Russia has taken a lashing this year over a crackdown on non-governmental organisations, Chechnya, and hard-nosed-some say hostile-energy policies toward neighbouring, pro- Western countries such as Ukraine and Georgia.
But that criticism was water off a duck's back Friday and Saturday as Moscow hosted the Group of Eight's finance ministers for talks on improving the global energy supply system.
"Nobody doubts Russia being a full member of the G8," Finance Minister Alexei Kudrin said to questions over Russia's place in the elite club alongside Britain, Canada, France, Germany, Italy, Japan and the United States.
As the world's second biggest oil exporter and owner of a third of world gas reserves, Russia cannot easily be pushed around.
"Western governments are pragmatic and to them energy is more important than democracy," Vladimir Pribylovsky at the Panorama think tank in Moscow told AFP.

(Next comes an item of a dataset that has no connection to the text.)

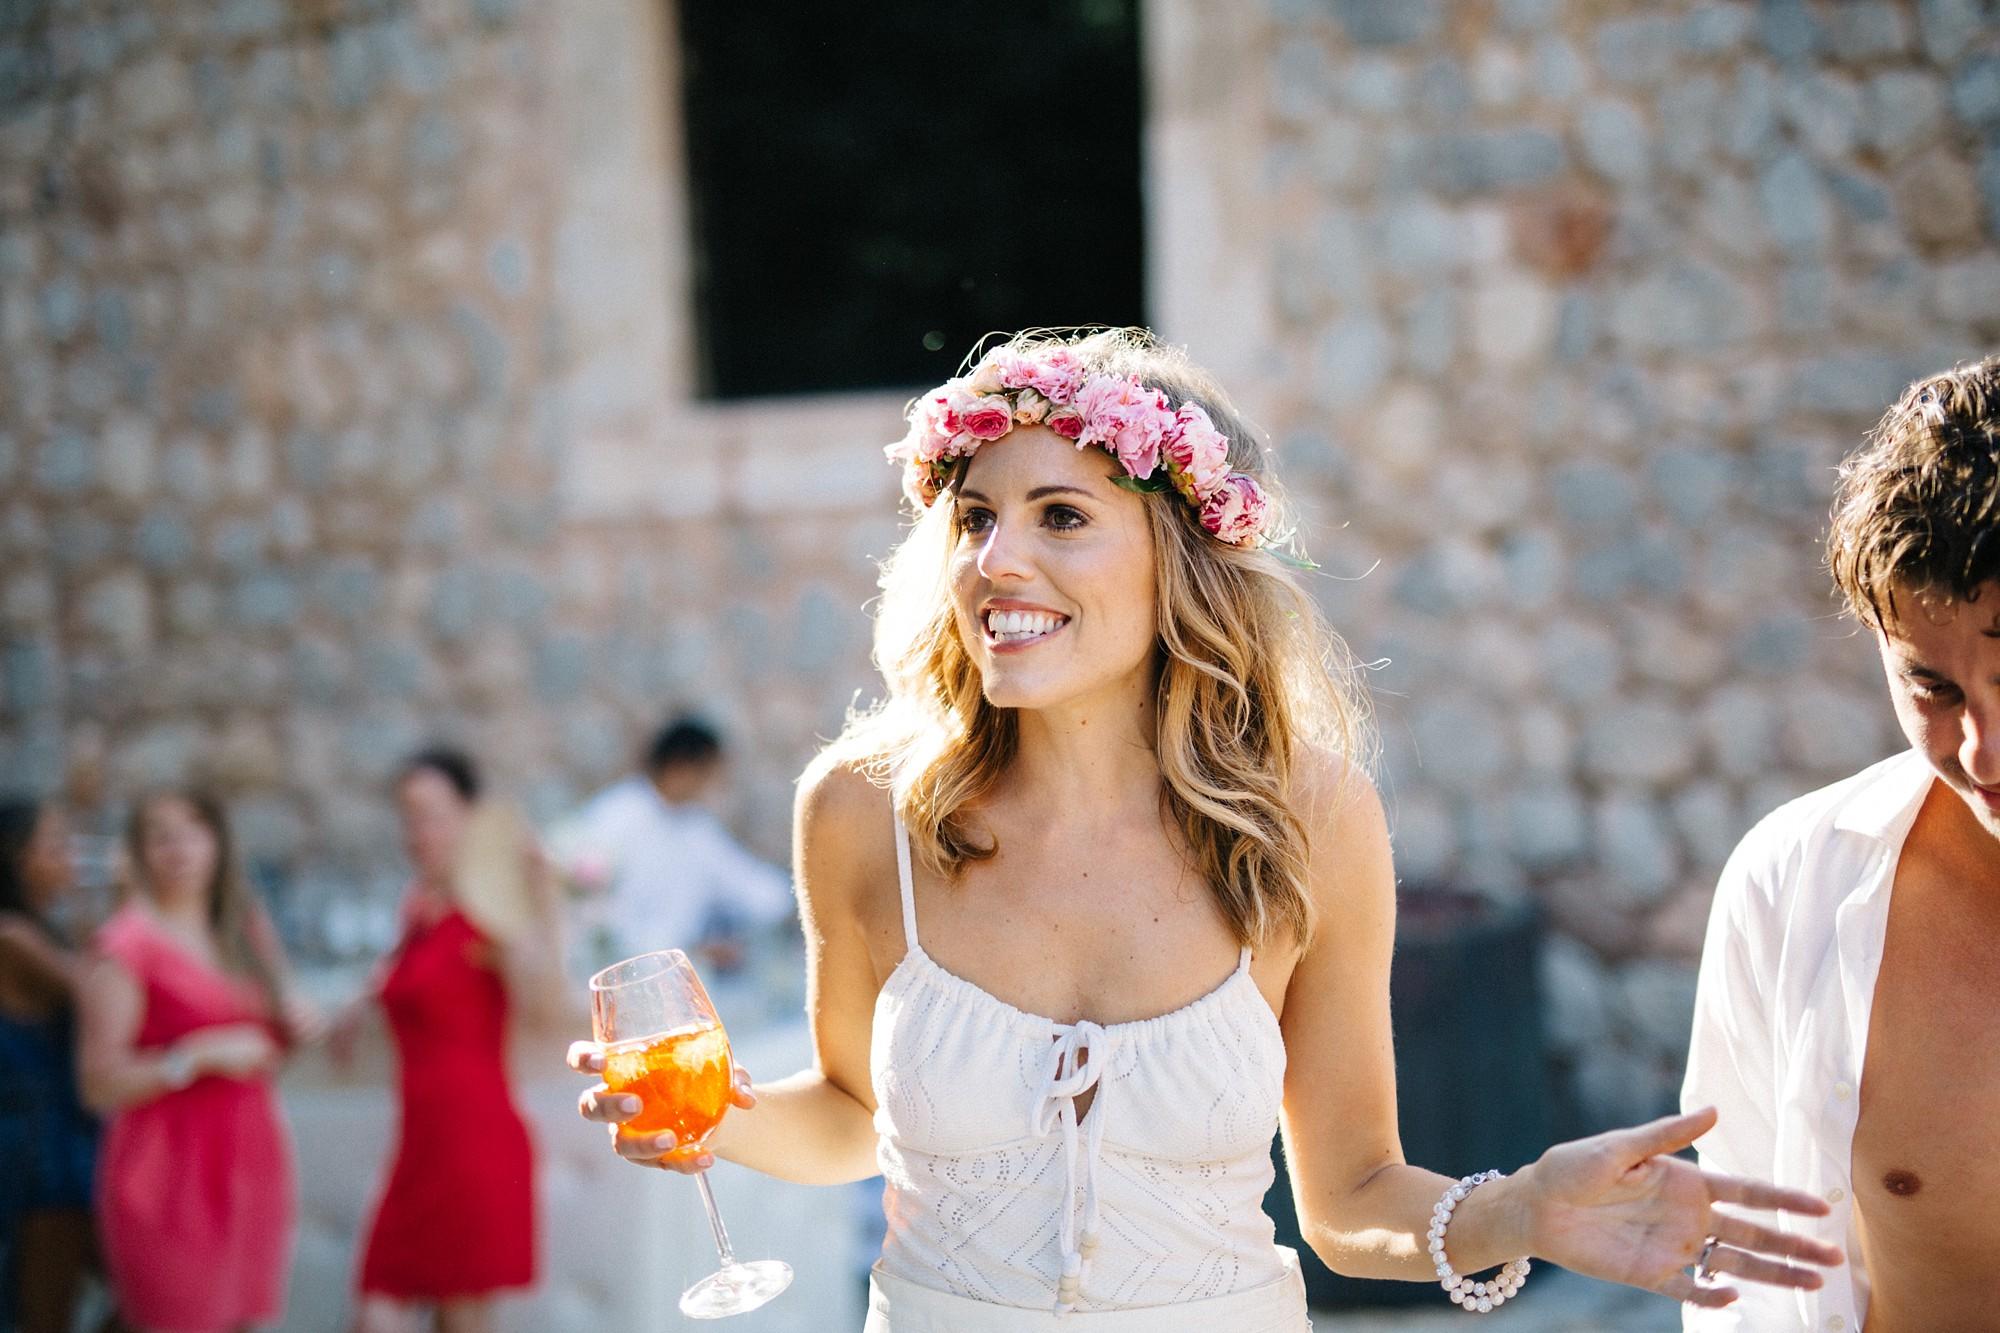 fotografos de boda en valencia barcelona mallorca wedding photographer162.jpg

And with oil at about 70 dollars a barrel, President Vladimir Putin intends to play this energy card for all he can-and not in a way that the West will like, Pribylovsky said.

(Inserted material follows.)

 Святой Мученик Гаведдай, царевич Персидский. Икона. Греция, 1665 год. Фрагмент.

"The Kremlin is in euphoria over the forecasts for high energy prices in the coming years. They feel that methods of energy blackmail used against Ukraine and Georgia can be extended to make Russia a superpower again."
The decision by Russian gas giant Gazprom in January to cut off supplies to Ukraine temporarily over a pricing dispute, as well as the mysterious sabotage of the main gas pipeline to Georgia prompted accusations of bullying.
Other Western concerns include what human rights organisations say are torture and secret executions in rebel Chechnya, Moscow's support for authoritarian regimes such as Belarus and Uzbekistan, and a new law seen as curbing the freedom of NGOs.
But at the G8 finance meeting, Russia's pledge to become a secure energy supplier earned rave reviews.
French Finance Minister Thierry Breton said that a "new phase of dialogue has clearly begun today" and echoed a call by German Finance Minister Peer Steinbr|ck to cement Russia's role in the G8.
"Such an important partner must be with us at the table and not excluded," Breton said.